The monumental moment of 1969 with Neil Armstrong and Buzz Aldrin just got more monumental, as the two astronauts discover an equine lifeform! Banished by her sister, will this new creature find friendhship in these two? Will Armstrong and Aldrin have discovered an alien species? Or will they have brainstormed an idea that's four decades ahead of its time?

Sorry about that, but my knowledge of space exploration is so scant that I believe any attempt to play up the mysteriousness of space, or the magnitude of the Lunar Landing to serve my own needs would've been disingenuous at best. If you're looking for a story that ties in Earth's moon with Equestria's, then this is the one for you. A new look at the 1969 landing on the moon, ladies and gentlemen, fillies and gentlecolts, this is

The Eagle Has Landed AND The Eagle Is Sealed
by Cyanblackstone
Year Published: 2014
Tags: Adventure, Human (both), Comedy, Random (Landed), Crossover (Sealed)
Word Count: 1,539/4,518 (6,057 total)
When Apollo 11 lands on the moon, Neil Armstrong utters his famous lines as his boots land in the lunar regolith, but when he turns around he finds something no one was expecting or had ever planned for.
There's an alien on the moon. And it's blue, four-legged, and staring at him.

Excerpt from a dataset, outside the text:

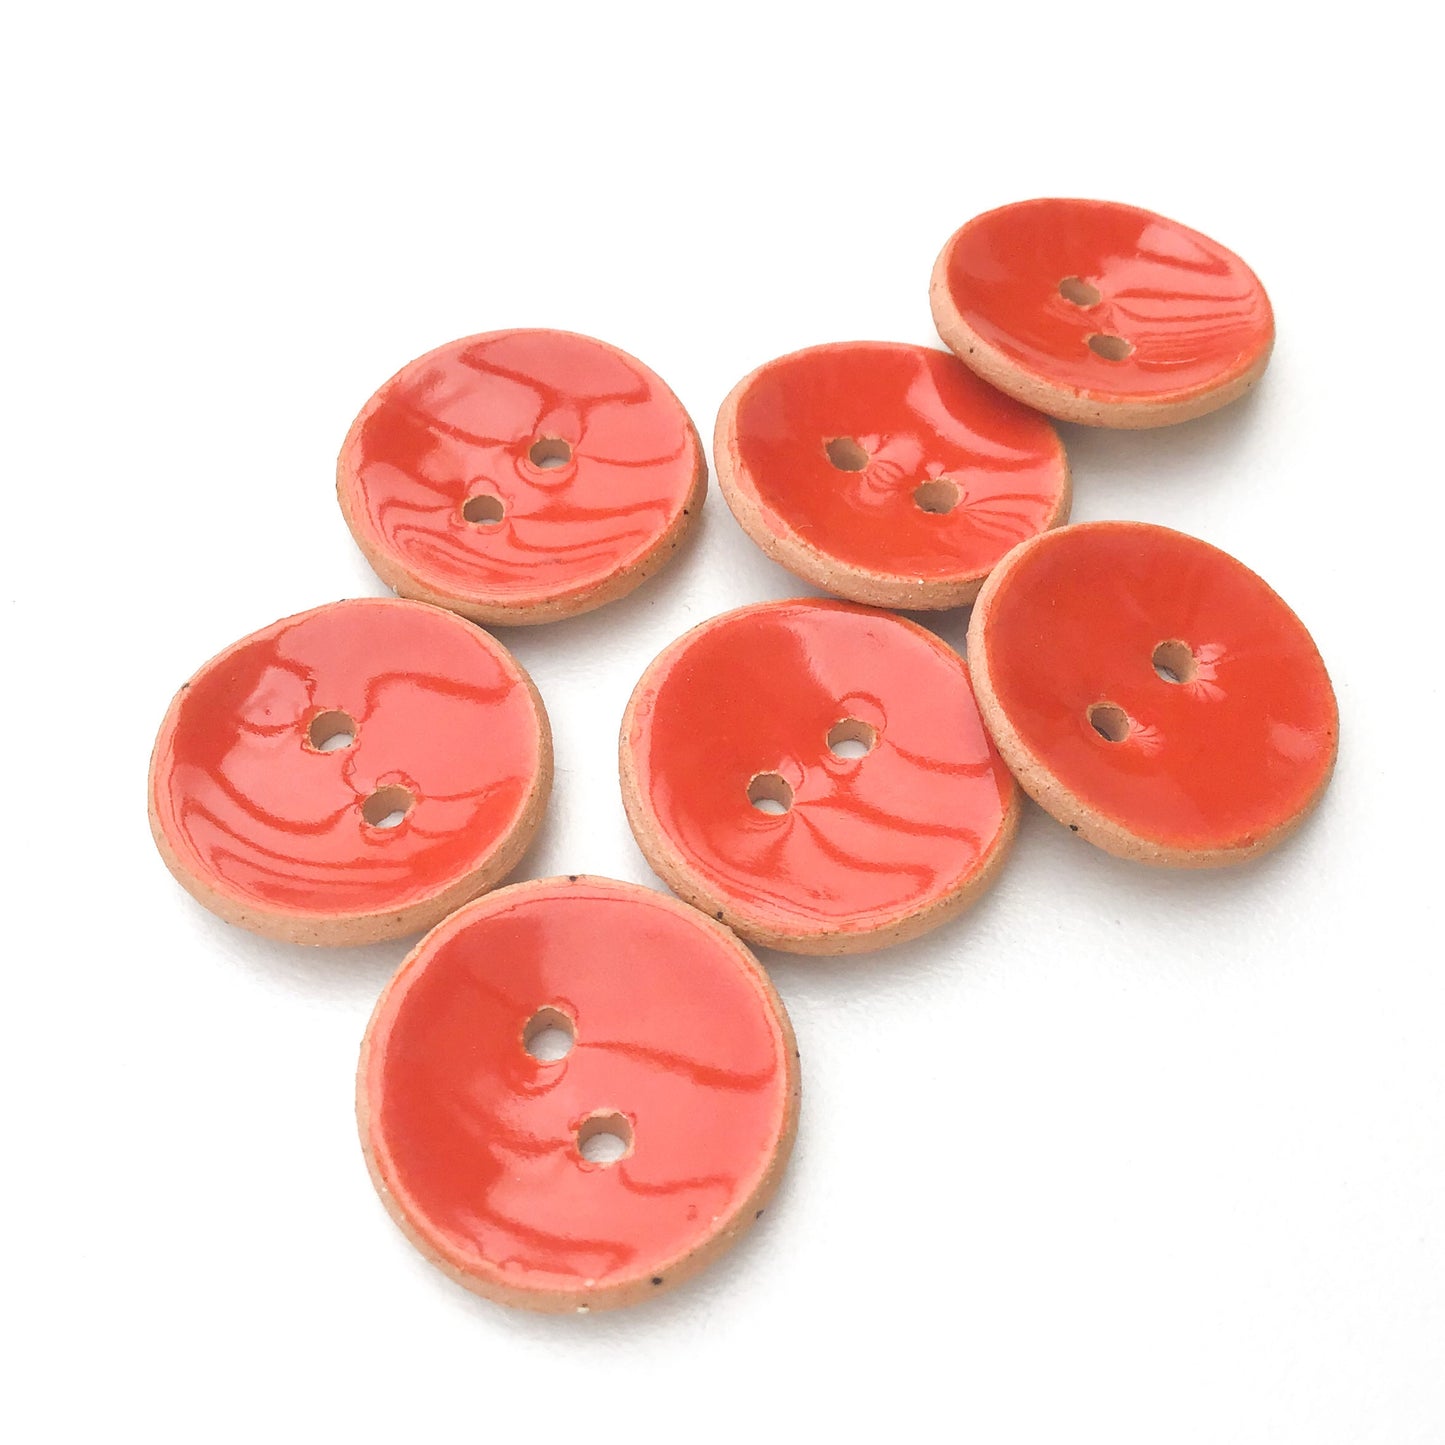 Reddish-Orange Ceramic Buttons - Dark Orange Clay Buttons - 3/4" - 7 Pack (ws-178)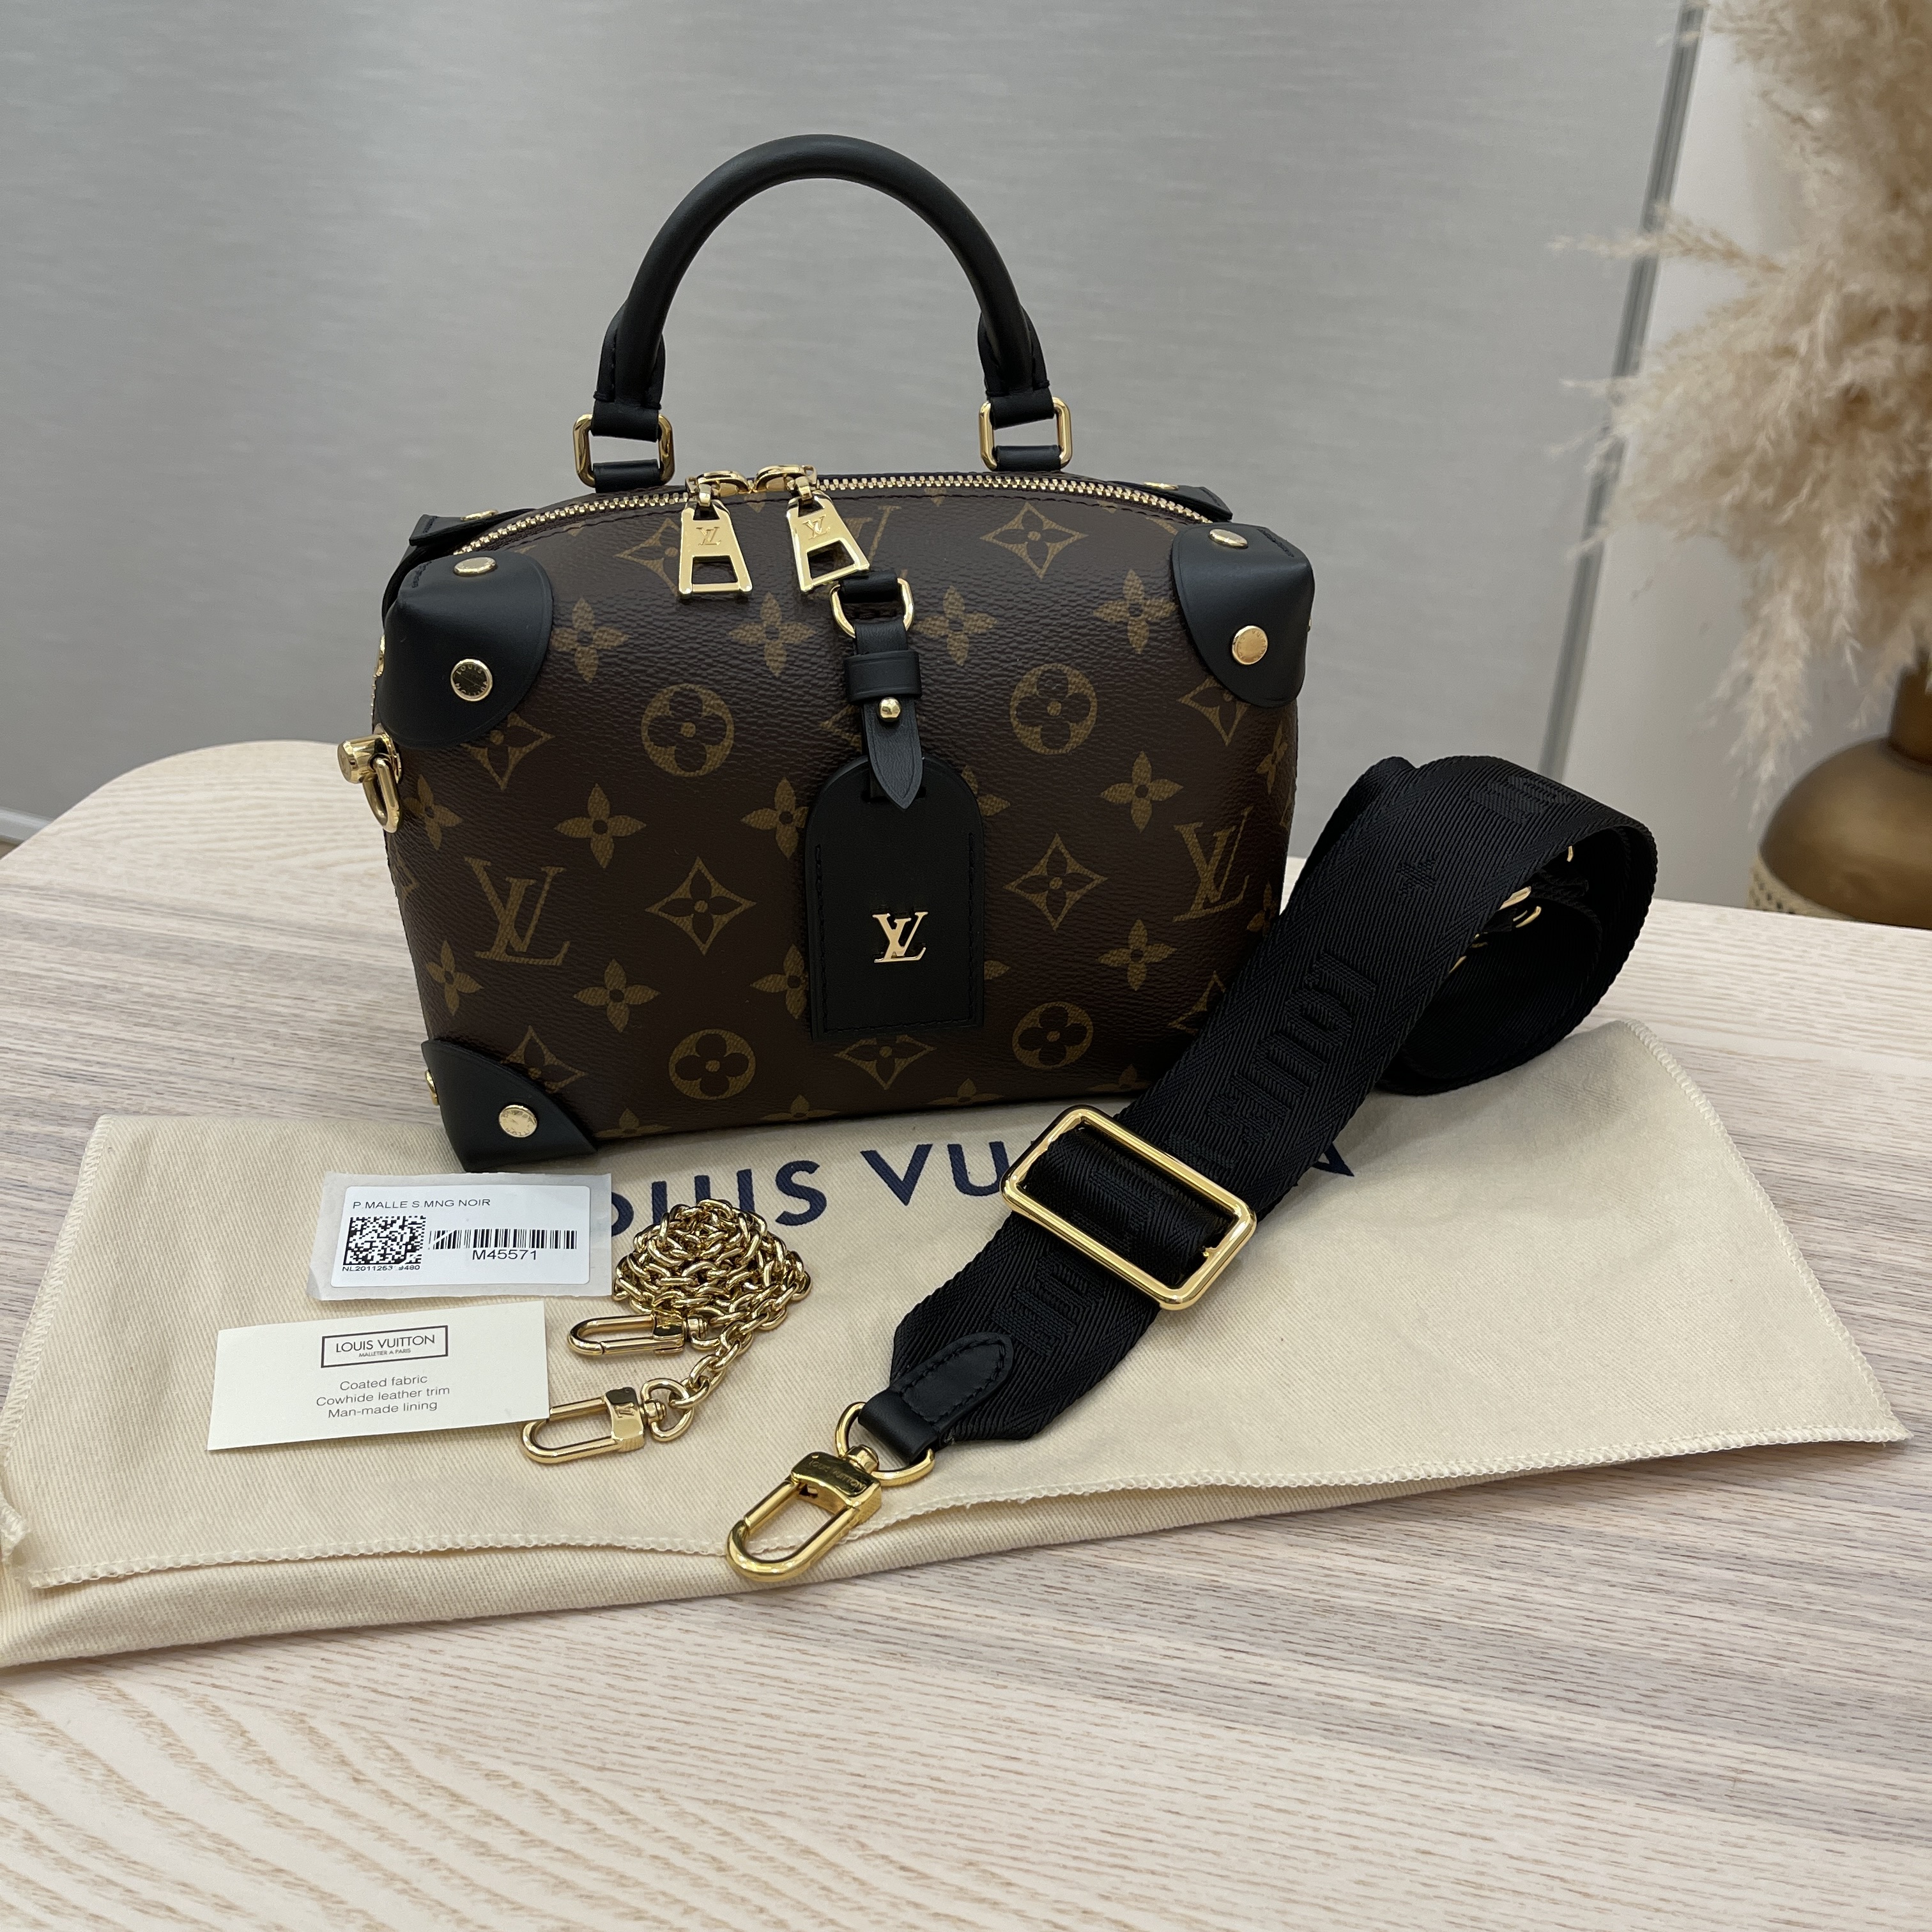 LV PETITE MALLE SOUPLE HANDBAG  Bags, Chanel bag, Bags designer

When President Nixon orders, you obey. And now that he wants Luna on the LM and heading home, how is Neil ever going to convince her to follow?
But it doesn't even get that far, as an innocent mistake endangers the mission.
And even as the mission is endangered, tensions are rising back on Earth. While the drama plays out in Mission Control, just what is going on behind the Iron Curtain?
No one knows, but it's certainly not conducive to Apollo 11's welfare.

Originally, I was going to review "The Eagle Has Landed" on its own, but after how short it was, I decided to include its first sequel. I may do "Splashdown" later, but for now it's just going to be these two.

So what's going to happen in this pivotal moment? How will it ripple throughout the world? What will happen to Armstrong, Aldrin, and the mysterious creature? Read on to find out!

The Short Review

I wouldn't recommend reading the first story just by itself without its sequel, as I don't think it has enough meat to be all that satisfying, given the implications of finding a different lifeform and Luna meeting other things during her banishment. The concept is really neat, the characters are written good, and it is a succinct story. Its sequel adds a lot more to it as a special moment, as both stories take place in the initial landing on the moon. Going into it, I didn't find enough in the first story to call it a solid story; it was more like a conceptual idea that continued into the second story (and I assume into Splashdown). The writing is alright, with the dialogue being a highlight.

The Long Version

The first story covered a lot less than I thought it would have. It takes place in a single moment (when Armstrong and Luna meet) and doesn't go anywhere before or after that. it begins with Armstrong giving his famous one small step quote, and then his saying "What is that?" two paragraphs later. It moves quickly, which I found odd at first, and I wouldn't say it was the best choice, but it does move along briskly enough. The dialogue between Armstrong, Aldrin and the people on Earth are well-written enough, with some humor and genuine emotion to give the story life. At the end, there's a profound message about what it could be like if and when we actually make contact with extraterrestrial life.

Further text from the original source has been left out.